Let me try to explain your doubts about how to understand IAM(in general) with an analogy.

Think that there is an organization called ORG1.

Deparments of ORG1: HR-dept, Test-dept, DEV-dept

Employees of ORG1: EMP1, EMP2, EMP3 ... EMP10

Members of HR dept: HR1, HR2, HR3

Now I want to create a role for HR dept to give them permission to hire/suspend an employee. The policy will look like below:

{
    "Version": "2012-10-17", // This is version of the template. Don't change this. This is NOT a date field for your use.
    "Statement": [
        {
            "Sid": "SOME-RANDOM-ID-WITH-NUMBER-1P1PP43EZUVRM", // This is used as ID in some cases to identify different statments
            "Principal": HR-dept, // the dept who is allowed to assume this role or the one who is allowed to invoke this role
            "Effect": "Allow", // has only 2 values: ALLOW/DENY. Either You want to provided the below privileges or you want to striped off these privileges.
            "Action": [
                "hire",
                "suspend",
            ],  // these are privileges which are granted
            "Resource": "EMP1", // the entity on whom do you want to apply those actions on. In this case employee EMP1.
            "Condition": {
                "ArnLike": {
                    "AWS:SourceArn": "HR*" // You want anyone from HR-dept whose id starts with HR to be able to execute the action.ie HR1,HR2 or HR3 .
                }
            }
        }
    ]
}

Now try to understand the below code from the same perspective(Internally this code creates a template similar to above):

const permissions = {
        FunctionName: target,
        StatementId: 'api-gateway-execute', // This is just an ID. Dont sweat about it.
        Principal: 'apigateway.amazonaws.com', //which entity group the invoker belongs to
        Action: 'lambda:InvokeFunction', // The privilege you are giving to API gateway api's
        SourceArn: 'arn:aws:execute-api:.. blah blah blah' // ie. the exact  Id of api-gateway which all has rights to invoke lambda function
}; 

In AWS ARN is a unique ID of a resource. Kind of like EmployeeId in a company.This is unique globally.

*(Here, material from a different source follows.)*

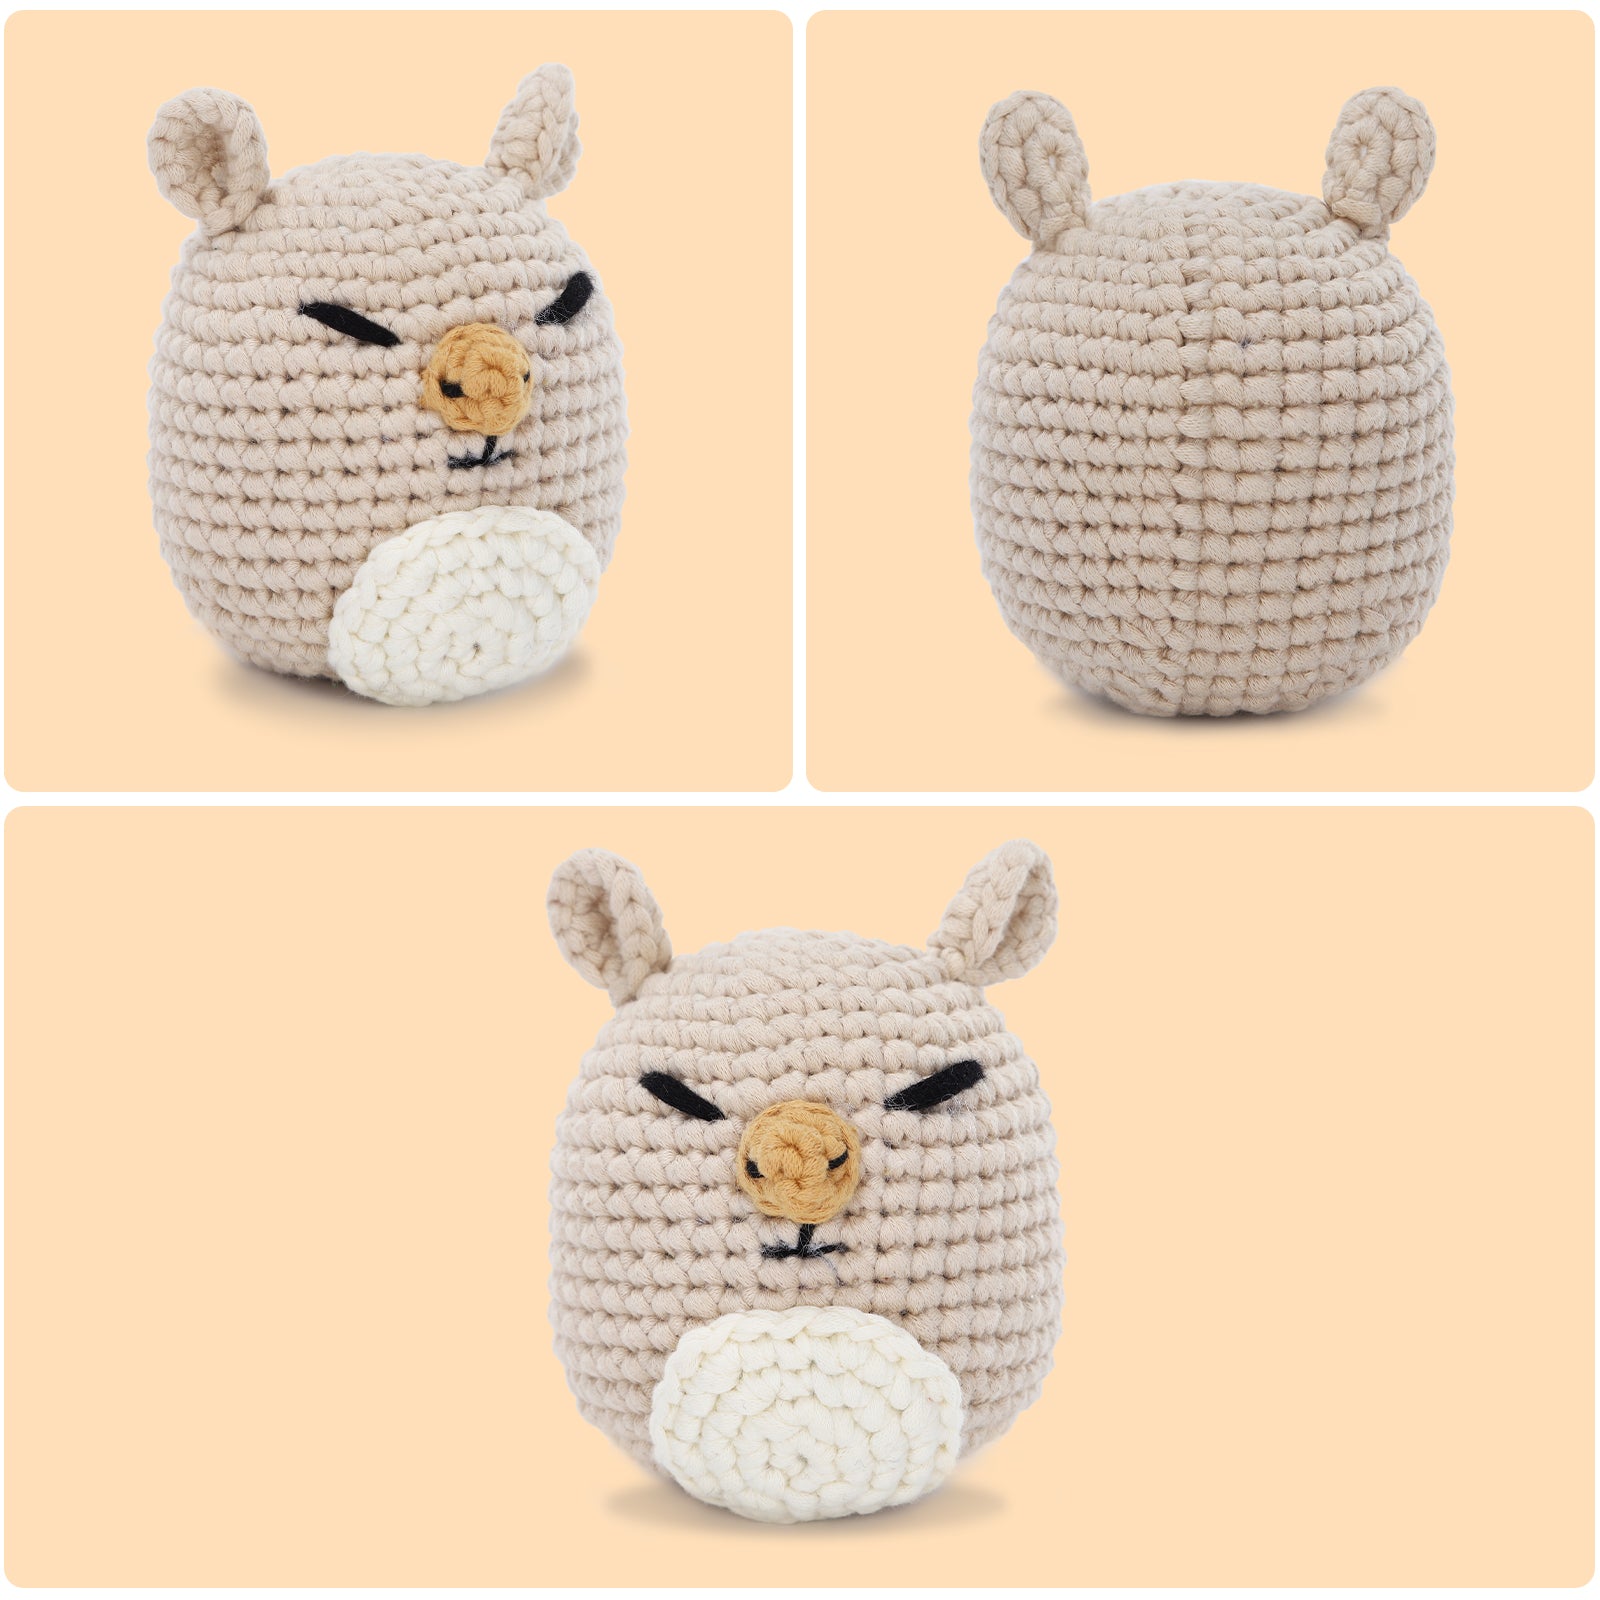  XSEINO Crochet Kit with Step-by-Step Video Tutorials，Premium  Bundle Includes 12 Roll x50Yard Acrylic Yarn Balls, 12 Crochet Hooks,  Crochet Bag and All Accessories Kit, Crochet Kit for Beginners

Believe me, At first it may seem that what you are trying to do in AWS is difficult to comprehend, But at some point you will start getting comfortable as you go on crossing each hurdle you face. And then you will admire at how customizable AWS features are.

Answer 3

How does one figure out where to find these policies?

You need to refer the AWS Documentation for specific service to find out what are the principals, actions and statements they support. For example if you need to find out policies for DynamoDB, check DynamoDB API Permissions. It can be confusing at first, since AWS Need to cater using IAM to authorize all of their services, but it becomes straight forward over time.

Let me explain each part of the policy

• StatementId(Sid) - Its just and optional statement identifier (e.g 1, 2, abcd & etc.) and for some services(e.g SQS, SNS) it requires uniqueness.

• Action - What your policy allows to do on a AWS Service. e.g For DynamoDB you can allow creating Tables, Putting new items & etc. For EC2 instance, it can allow starting and stopping.

• ARN(Amazon Resource Name) - This is a unique name to uniquely identify AWS resources like a EC2 server, S3 bucket, DynamoDB table and even IAM policy, Role & etc.

• Principal - Principal is to restrict who is allowed to use this policy. It can be a user (IAM user, federated user, or assumed-role user), AWS account, AWS service, or other principal entity that is allowed or denied access to a resource.

In addition you need to include Resource parameter, where you can either use a wildcard '*' or a ARN with Account ID within it.